With the pictures left out, set down the line containing "a dog with a leash" and each line after it to the end of the material, exactly as written.

*MATERIAL PROVIDED:*
★ ★ ★ ★ ★ ★ ★
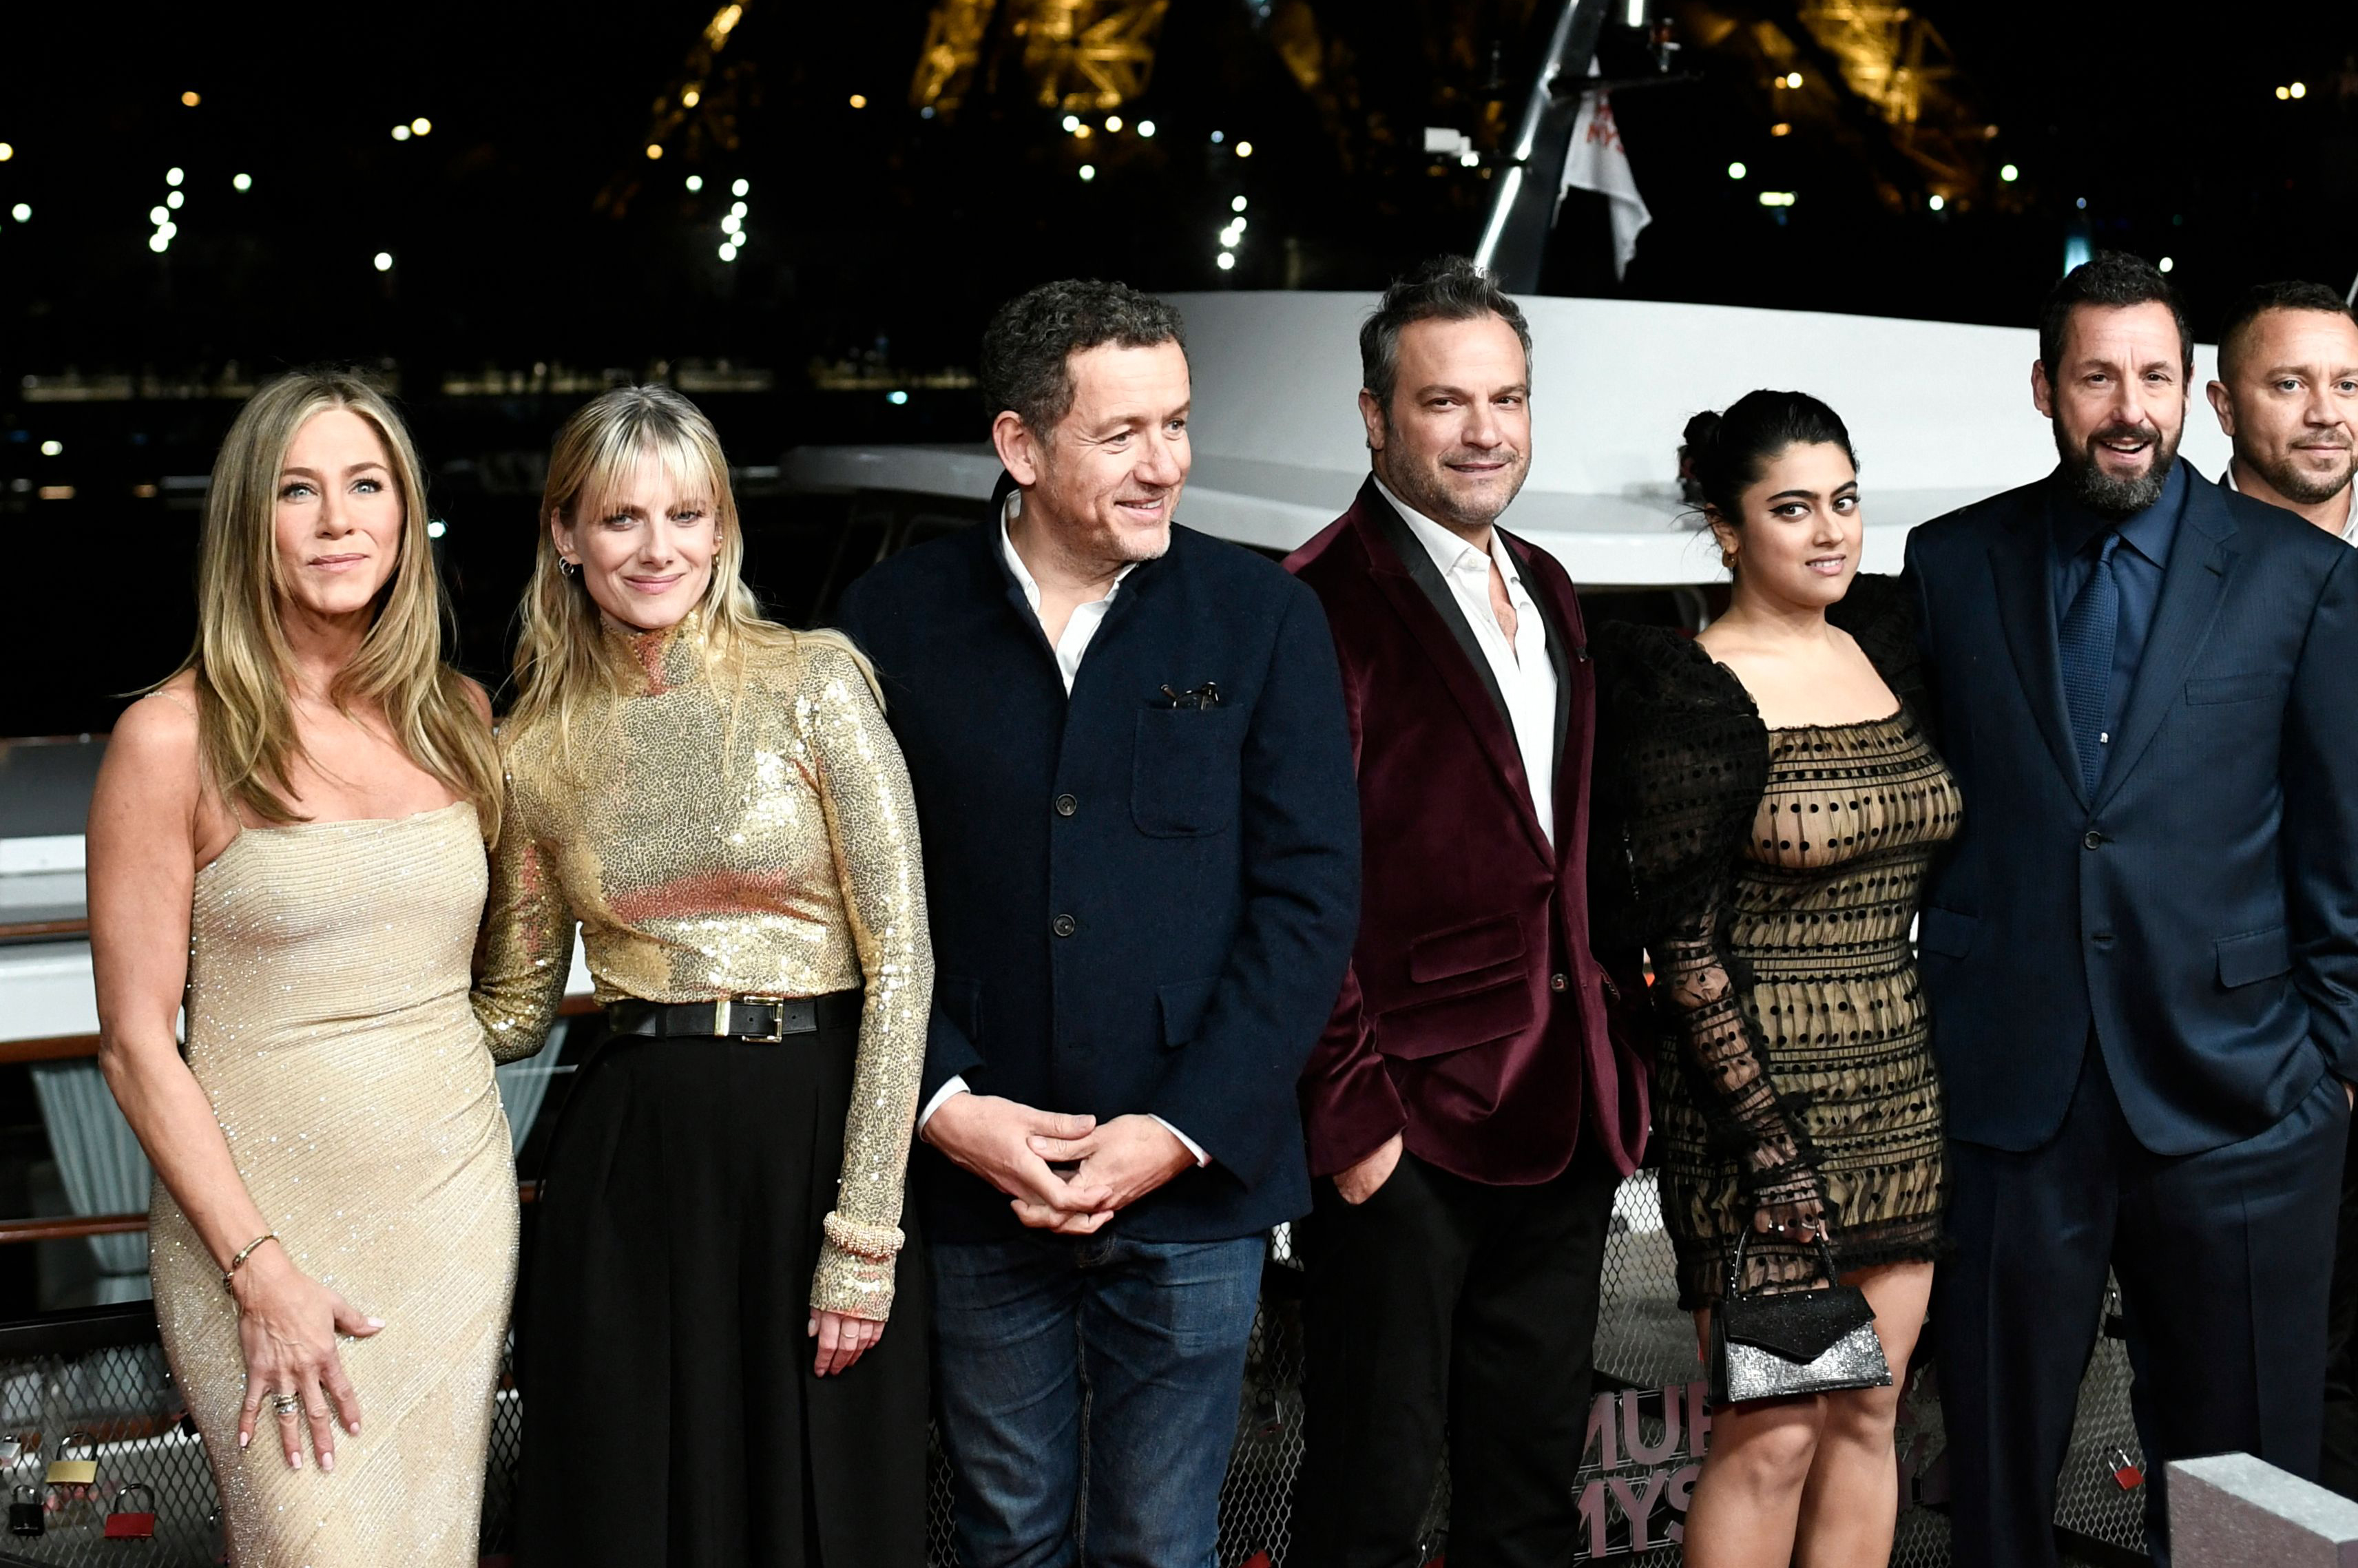 CNY's American High to premiere new Adam Sandler, Jennifer Aniston
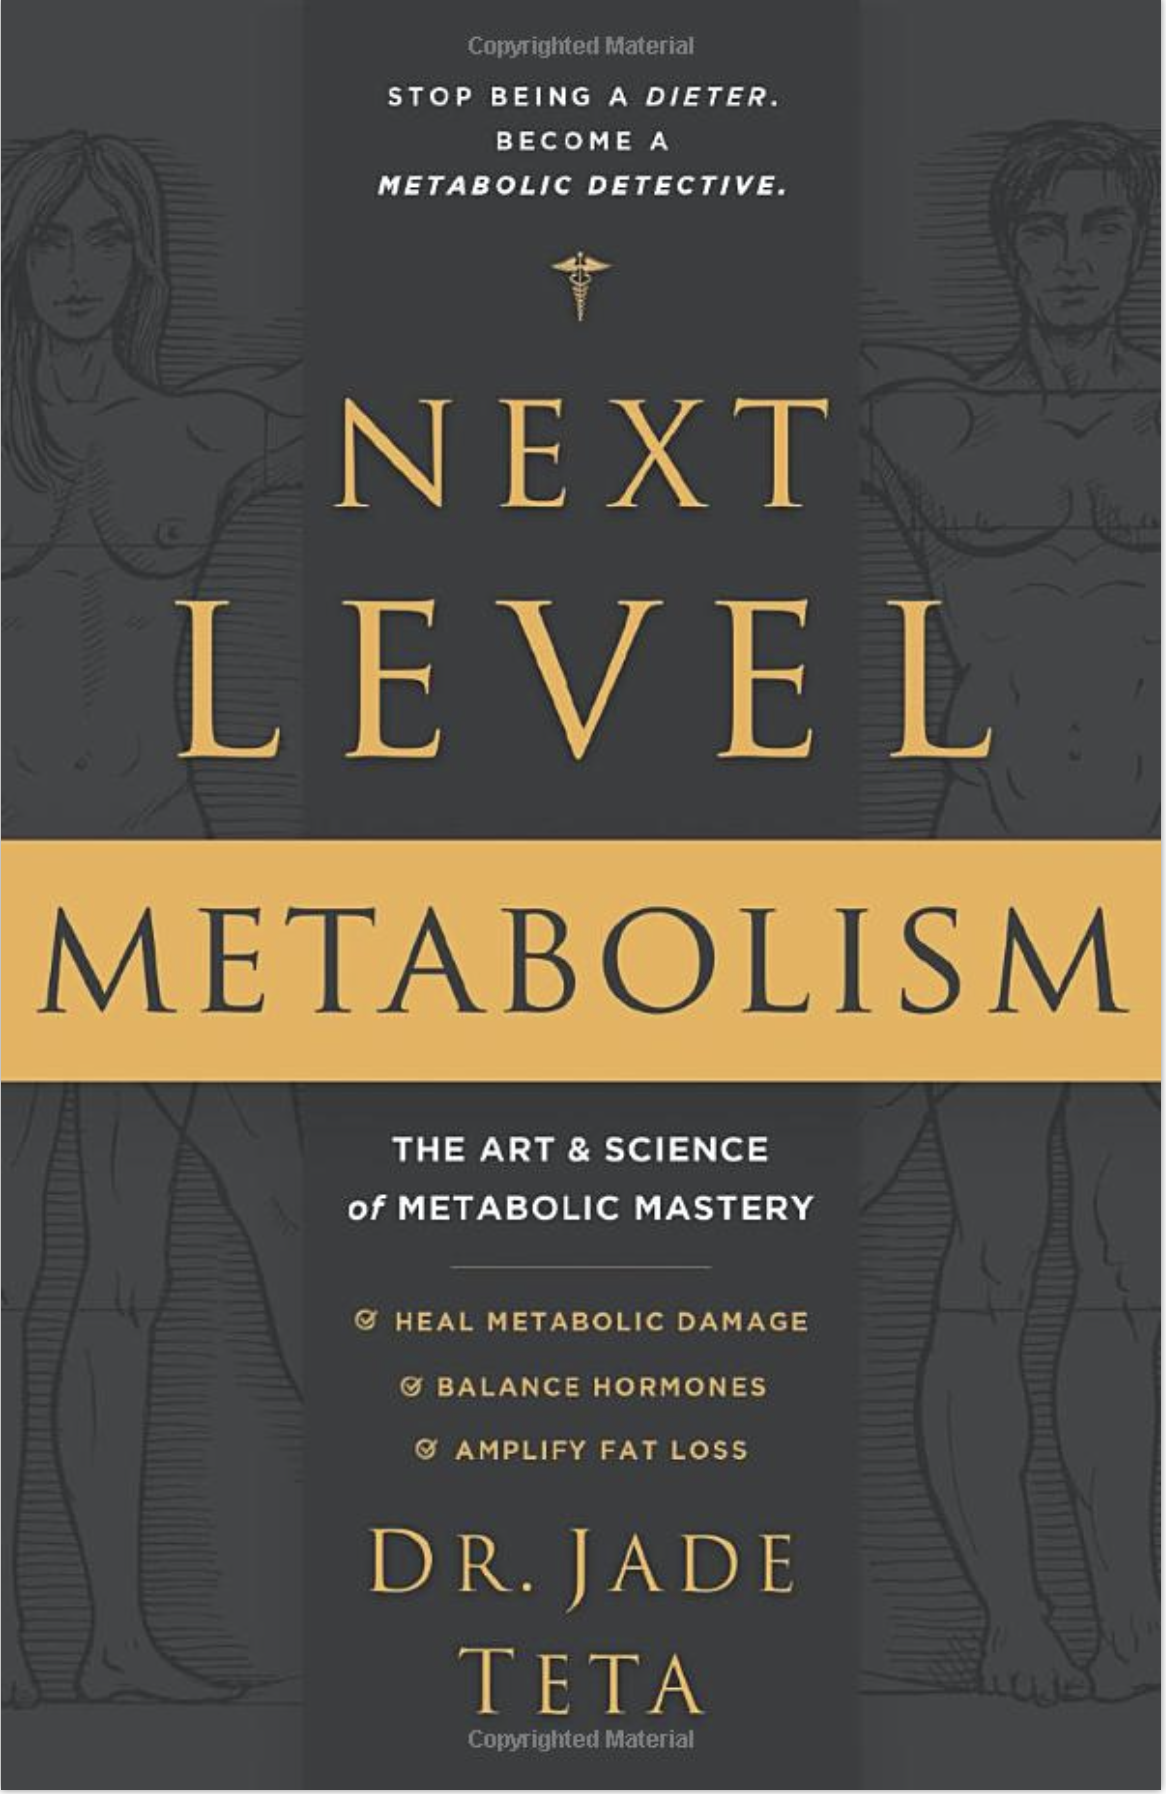 Next level metabolism
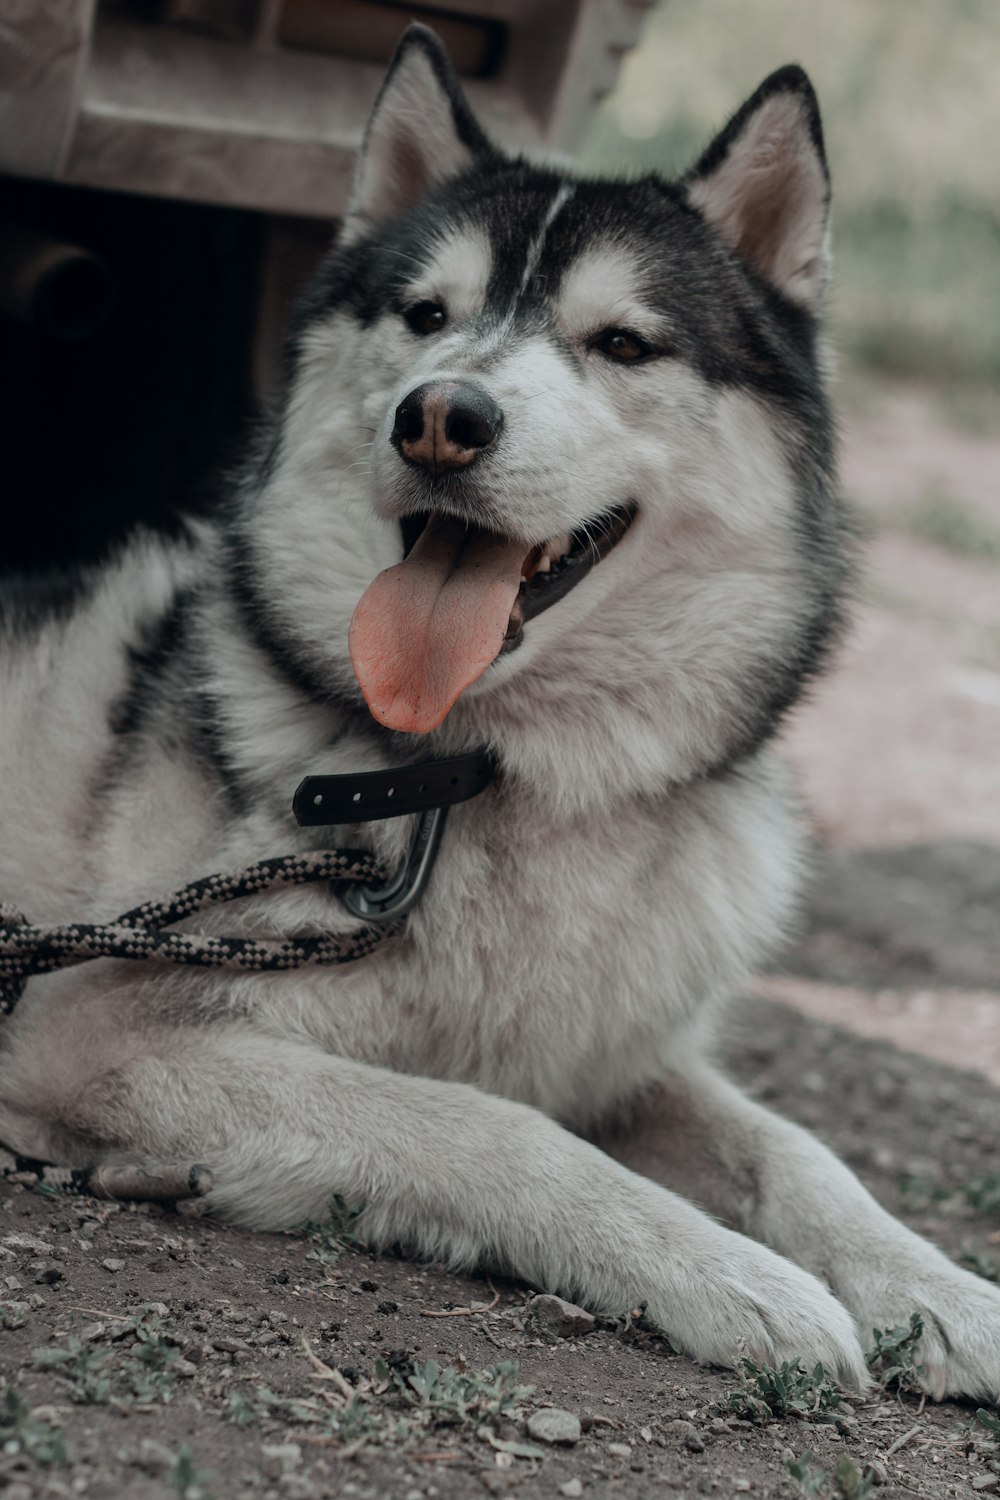 a dog with a leash
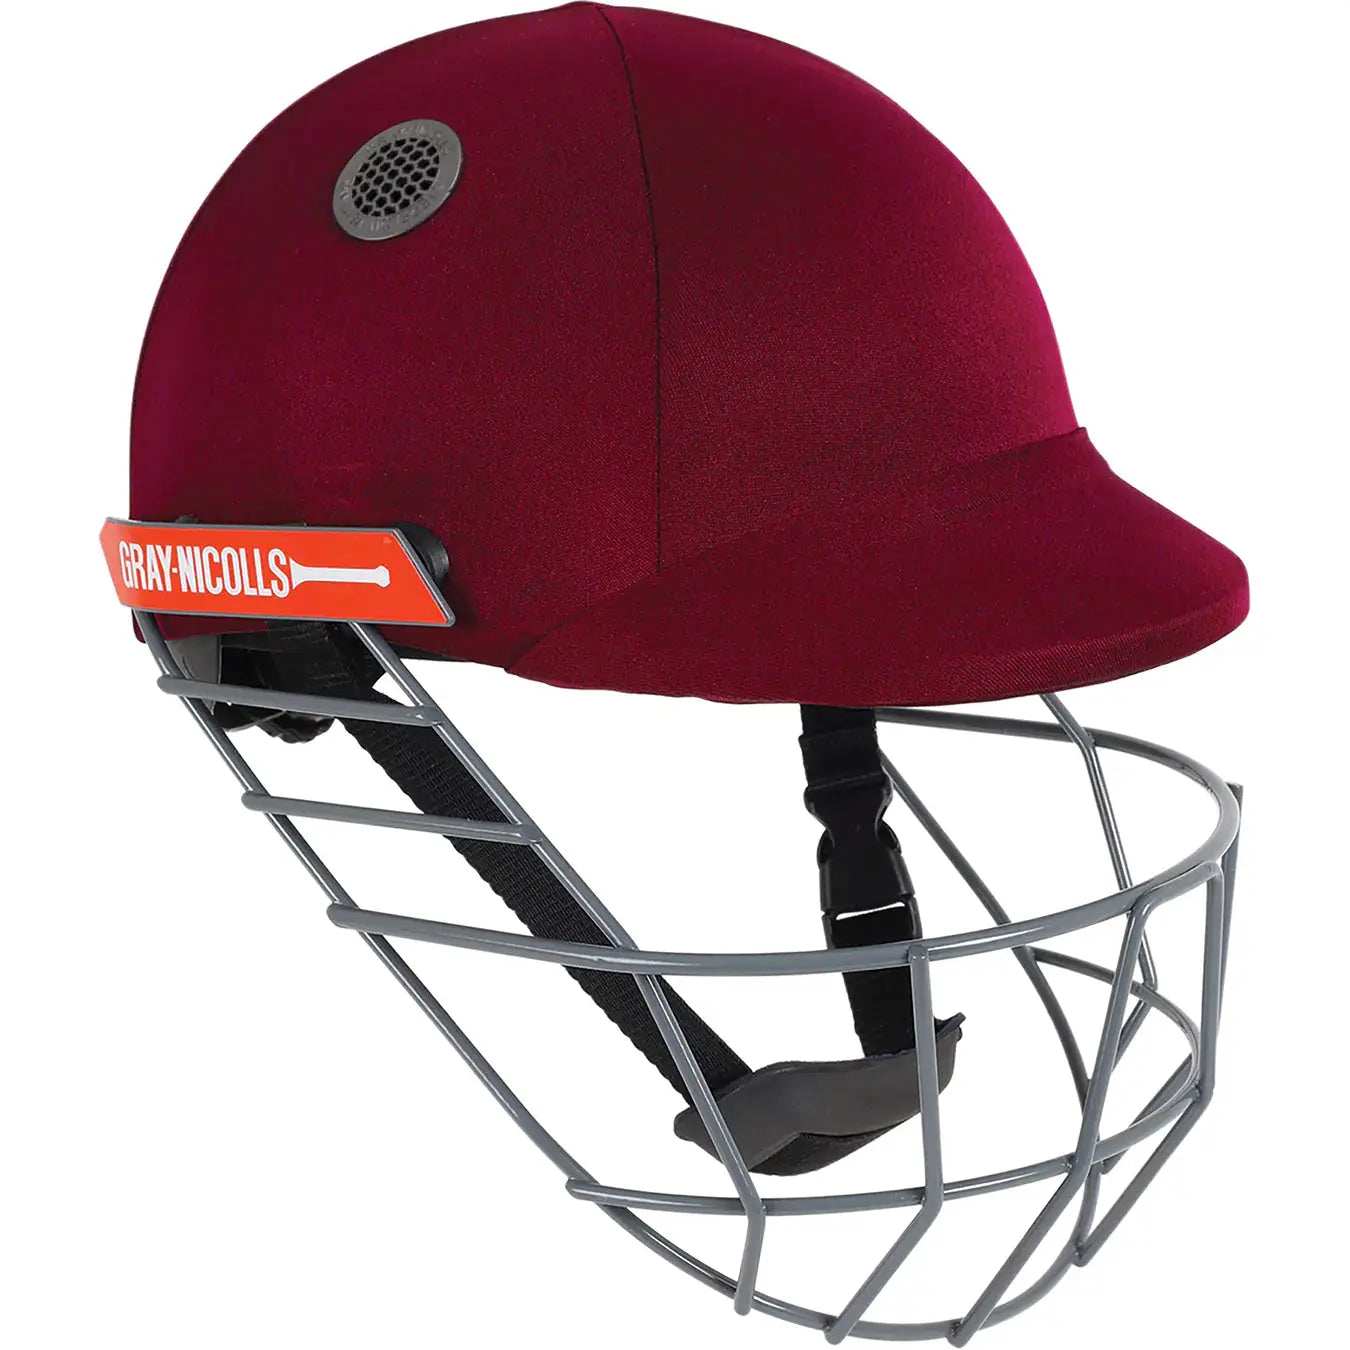 Gray Nicolls Atomic Cricket Helmet - Lightweight Maximum Protection - Medium / Maroon - HELMETS & HEADGEAR
★ ★ ★ ★ ★ ★ ★
*OUTPUT FOR THIS EXERCISE:*
 a dog with a leash
 Gray Nicolls Atomic Cricket Helmet - Lightweight Maximum Protection - Medium / Maroon - HELMETS & HEADGEAR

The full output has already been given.